Según salió del portal sintió la brisa fría que azotaba cada mañana su escondida y oscura callejuela. Sus pasos sonaban en cada calle aledaña. Quizás tenía frío y por eso apretó los puños que estaban agarrando el cuello largo de su extensa gabardina. Miró a la derecha. Cruzó la calle.
Pasó por delante de la bodega. Sólo alcanzó a mirar que había poca gente, no le dio mucha importancia. Otra brisa logró recorrer sus tobillos, los cuales dieron un pequeño pataleo para intentar inútilmente calentarse.
De pronto el aire que chocaba contra su espalda vino con un olor a puro. Oyó un grito: “¡Eh!”. Se dio la vuelta. Interpretó que la estaban llamando a ella, no había nadie más en la estrecha calle. Era un hombre a la puerta de la bodega. Tenía las piernas cruzadas y una de ellas apoyada en la pared. Era un hombre poco cuidado, con barba a medio salir, despeinado y muy mal vestido.

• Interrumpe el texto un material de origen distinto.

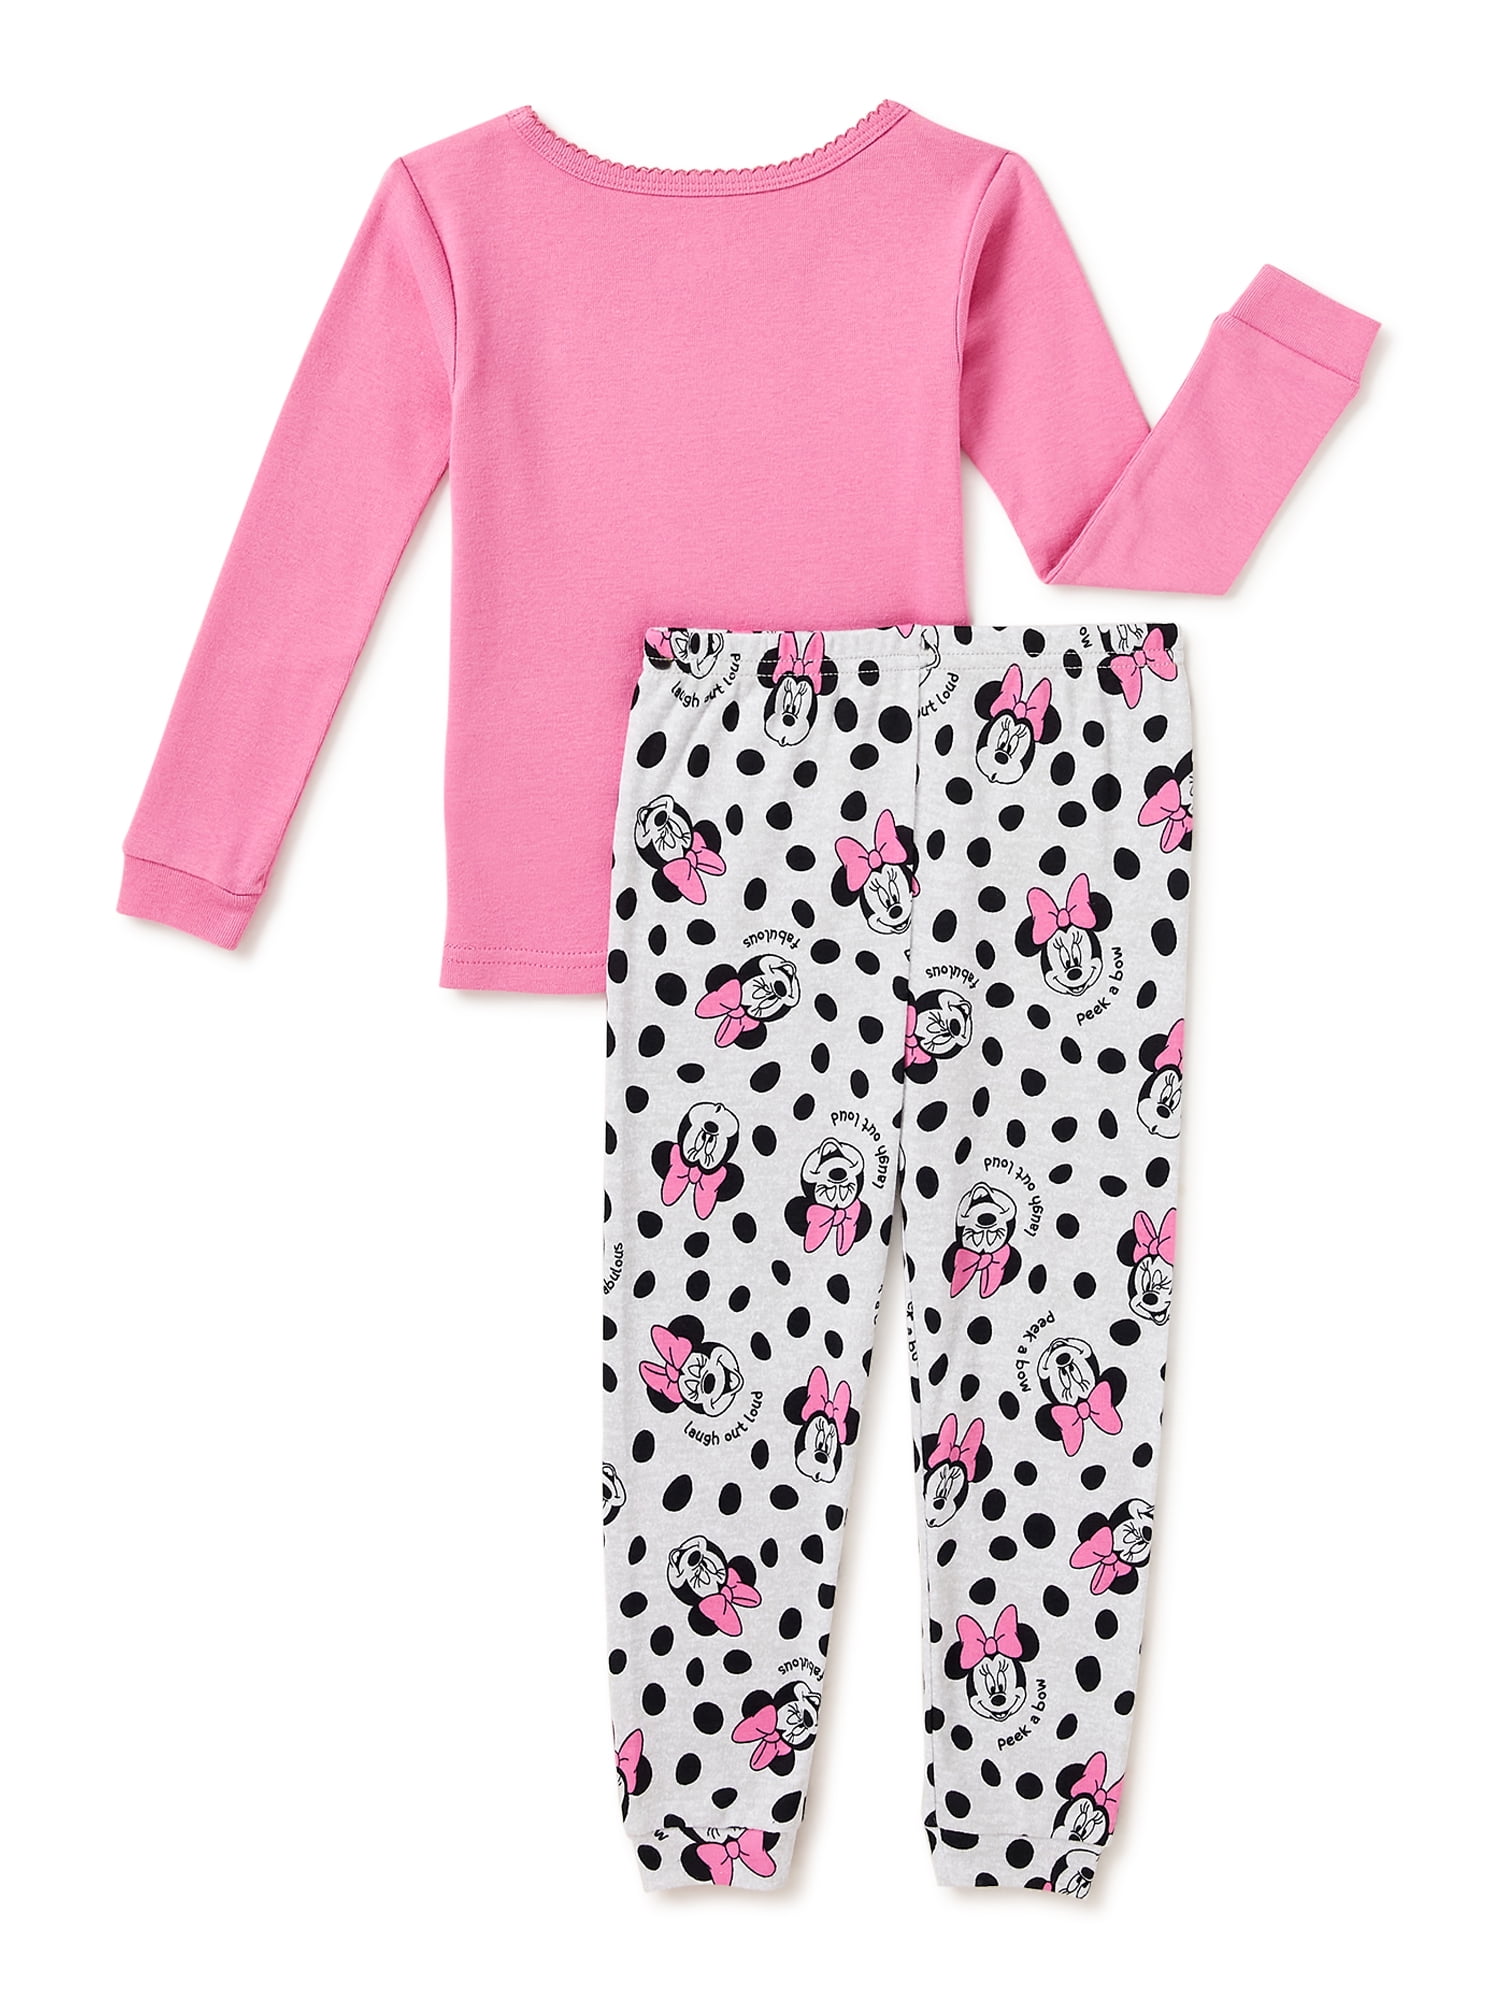 Disney Junior Minnie Mouse Toddler Girls' 4 pc Snug Fit Pajama Set green pink 2T

“Guapa”, piropeó. Ella hizo caso omiso y se dio la vuelta para seguir caminando. Entonces le oye de nuevo: “Vaya piernas tienes”. A ella le gustaban los piropos, pero de sus conocidos. No se esforzó en girarse para contestarle algo o quizás solamente para decírselo con la mirada. De pronto unos pasos se acercaron sigilosa pero rápidamente corriendo hacia ella.
Su cabeza insinuó que debía salir corriendo, pero ella se quedó parada, aún sin saber por qué razón lo hizo.
El hombre se acercó bruscamente a su cuello, susurrando y haciéndole caricias. Olía a alcohol y a tabaco del fuerte. Ella procuró despegarse de él, pero no podía. “Vamos a esta calle” le dijo él, llevándosela inmovilizada a un callejón detrás de unos contenedores de basura.
Ya se había acabado. Ella lo sabía, lo sentía. Sus últimas palabras fueron entre voces y gemidos, y algún que otro llanto, hasta que el silencio total se hizo.